Abstract Body (Do not enter title and authors here): Background: Cardiac allograft vasculopathy (CAV) is the leading cause of morbidity and mortality one-year post heart transplant. It is characterized by diffuse neointimal thickening of the coronary arteries, leading to lumen narrowing and graft failure. CAV extending beyond the coronary arteries and to the donor aorta remains largely unexplored. The presence of CAV in aortic tissue would further inform the pathophysiology of the disease.
Hypothesis: We hypothesize that CAV is a transplant-specific disease defined by the pathologic fate specification of donor vascular smooth muscle cells (SMC). As such, the disease expands beyond the coronary arteries to involve all donor arteries, specifically the aorta.

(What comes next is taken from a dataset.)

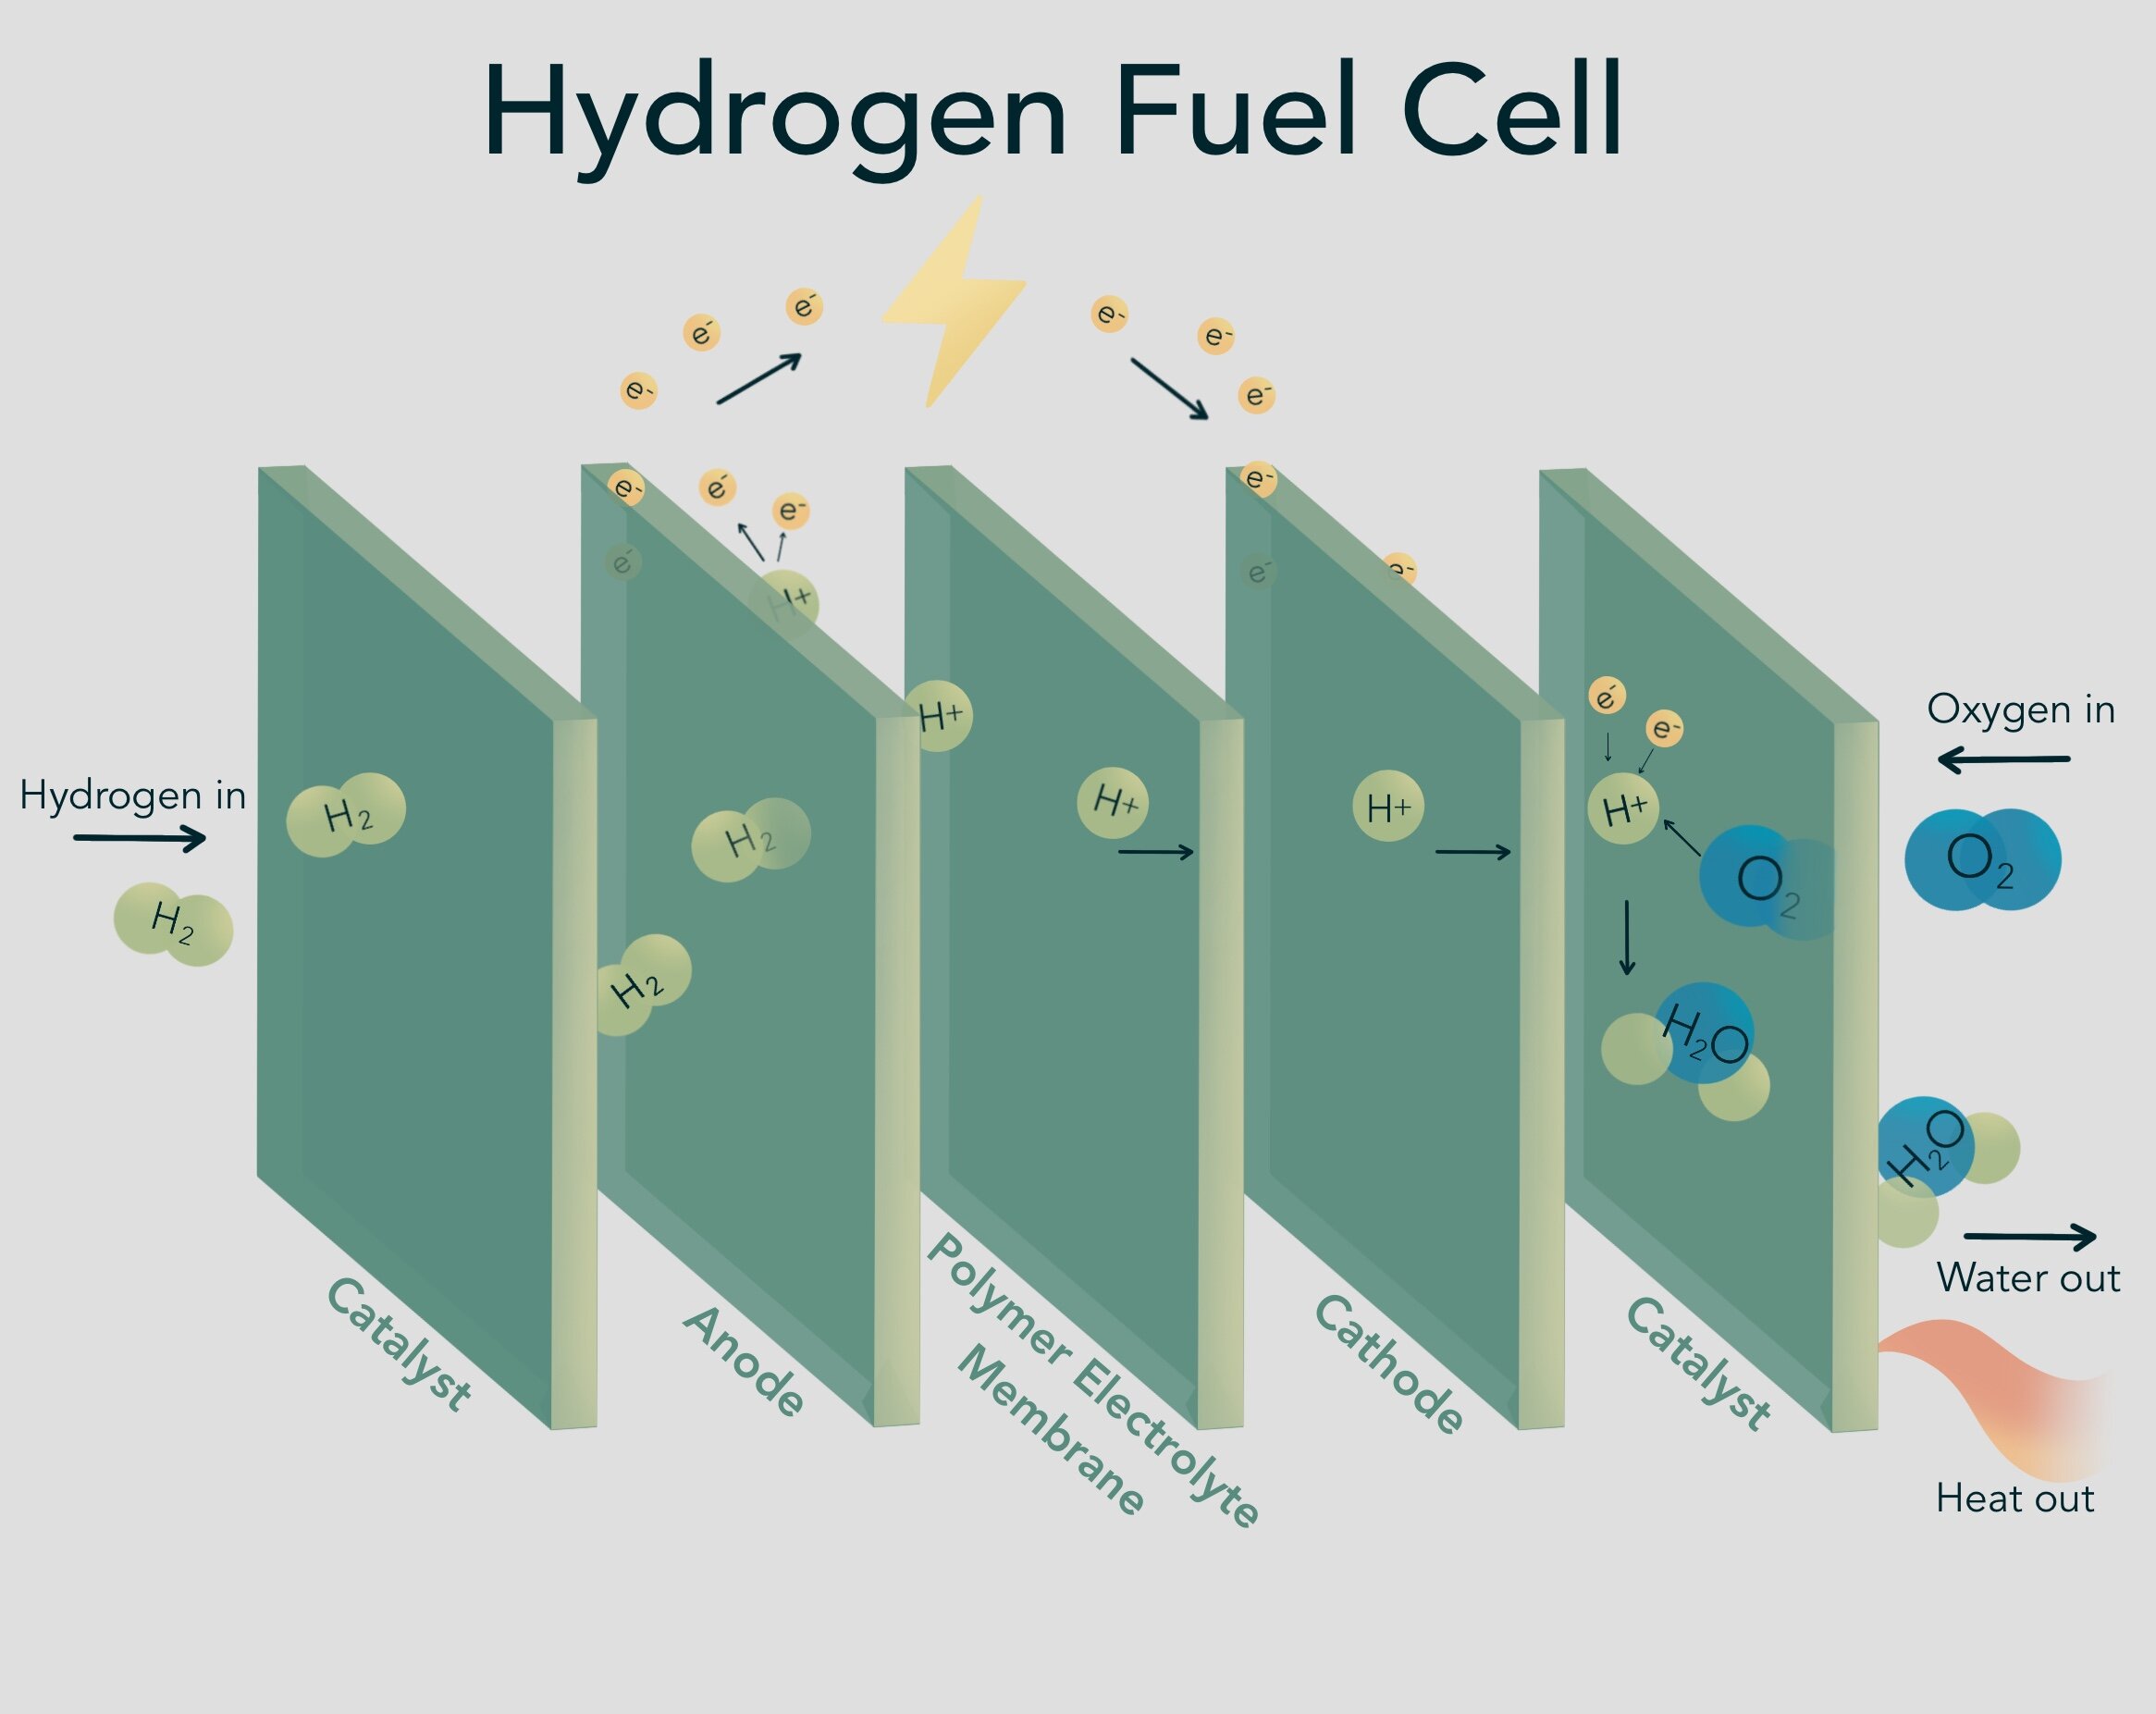 氢燃料电池图。来源:Climable.org

Methods: The University of Colorado curates one of the world’s largest adult tissue cardiac biobanks with over 1700 explanted hearts cryopreserved and well-phenotyped. Human explanted hearts were collected at the time of transplant from recipients with CAV and non-ischemic cardiomyopathy (NICM). The human CAV cohort (n= 4, 2 males, 2 females) included patients with a diagnosis of CAV for an average of 6.5 years, and tissue was collected at the time of retransplant. In parallel, our group established a novel mouse heart technique to include a longer segment of aortic tissue. During donor harvest in our mouse model, an extended segment of the donor aorta was transplanted into the recipient mouse. Human and mouse aortic tissues were formalin-fixed, paraffin-embedded, and sectioned for histology and immunofluorescence.
Results: The human CAV aortic tissue revealed the same morphology in coronary arteries, including a modulated SMC phenotype within the neointima. Similarly, the CAV mouse model's extended aorta and coronary arteries exhibited neointimal hyperplasia continuously in the vascular bed and stopping at the anastomosis site to the recipient. Based on histologic and immunofluorescence staining, the neointima of the mouse recapitulates the human neointima. NICM human aortas and the syngeneic mouse model aortas lacked CAV morphology, indicating unique CAV pathology throughout the donor vascular bed.
Conclusion: We identify that CAV expands beyond the donor coronary arteries to include the donor aorta and verify a novel mouse heart transplant model that phenocopies human pathobiology. Ultimately, this model acts as a rich source of additional tissue to ask mechanistic questions involving the source of CAV and can inform novel therapeutic targets.